Parece que Gershwin, que falleció este día, acostumbraba a improvisar cuatro canciones todas las mañanas para descartar las malas de su repertorio. ¡Si esto es verdad, fue una estrategia condenadamente buena, porque casi cada uno de los compases que nos legó en su breve vida c’est magnifique! Increíble, pero cierto.
Cuando andaba por la mitad de la treintena ya era una sensación en los mundos del teatro musical, la música clásica sinfónica e instrumental y el jazz, pero no había escrito aún una ópera. Tras algunos intentos poco convincentes, encontró el material ideal en Porgy, una novela publicada por DuBose Heyward en 1925.
Cuenta la historia de un mendigo minusválido, Porgy, y la guapa Bess, a la que ama, pero que no puede escapar de las garras estupefacientes de dos hombres: Sportin’ Life, que le suministra la droga, y su celoso y agresivo novio, Crown. Según la intención de Gershwin, Porgy and Bess tenía que ser una «ópera folclórica»; no porque la hubiera basado directamente en material tradicional, sino porque en la partitura había motivos de la música afroamericana y del espiritual, un poco al estilo de la música de Bartók o Vaughan Williams.
Durante un tiempo dejó Nueva York para vivir en Carolina del Sur y empaparse allí de los auténticos sonidos de los barrios bajos donde tiene lugar la acción. Siendo como era, absorbió todo lo que oyó y lo combinó con mil otros sonidos que correteaban por aquel cerebro suyo: judíos, afroamericanos, blues, jazz; oía intuitivamente lo que los conectaba y los sintetizó en una obra que fue una obra maestra.
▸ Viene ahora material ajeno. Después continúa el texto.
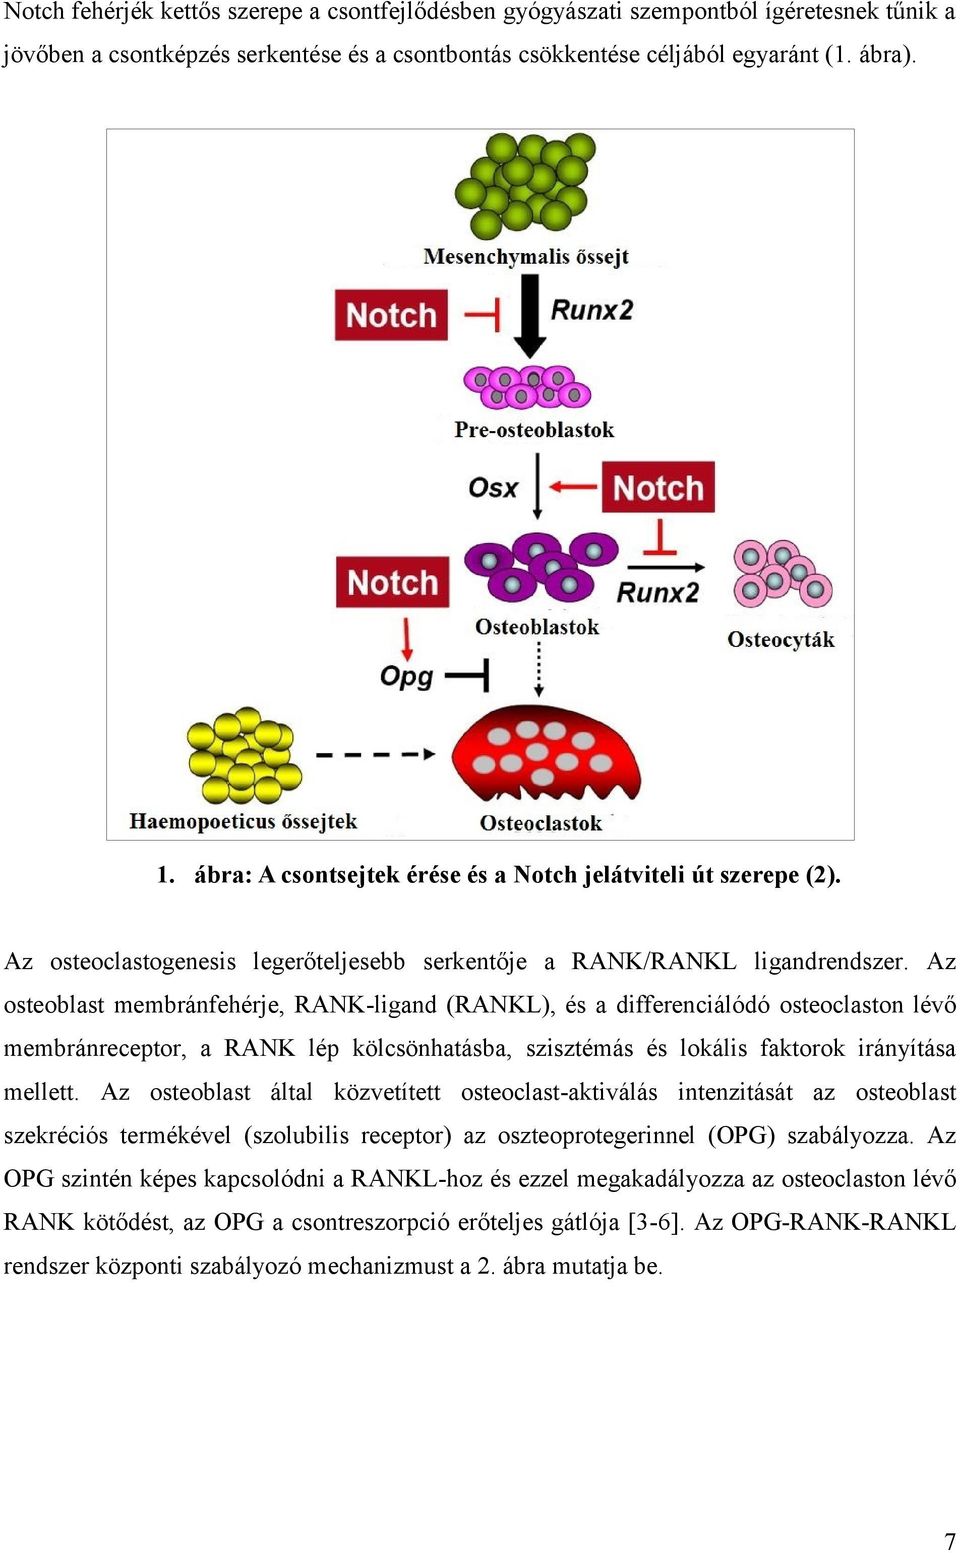 Az osteoblast membránfehérje, RANK-ligand (RANKL), és a differenciálódó osteoclaston lévő membránreceptor, a RANK lép kölcsönhatásba, szisztémás és lokális faktorok irányítása mellett.

La ópera escandalizó al público cuando se estrenó, en 1935, y no solo porque el reparto estuviera compuesto casi totalmente por cantantes afroamericanos. No había precedentes en la época (y todavía es una rareza en casi todos los teatros de ópera occidentales). Se clausuró al cabo de unos meses pero con el tiempo fue aclamada como un clásico.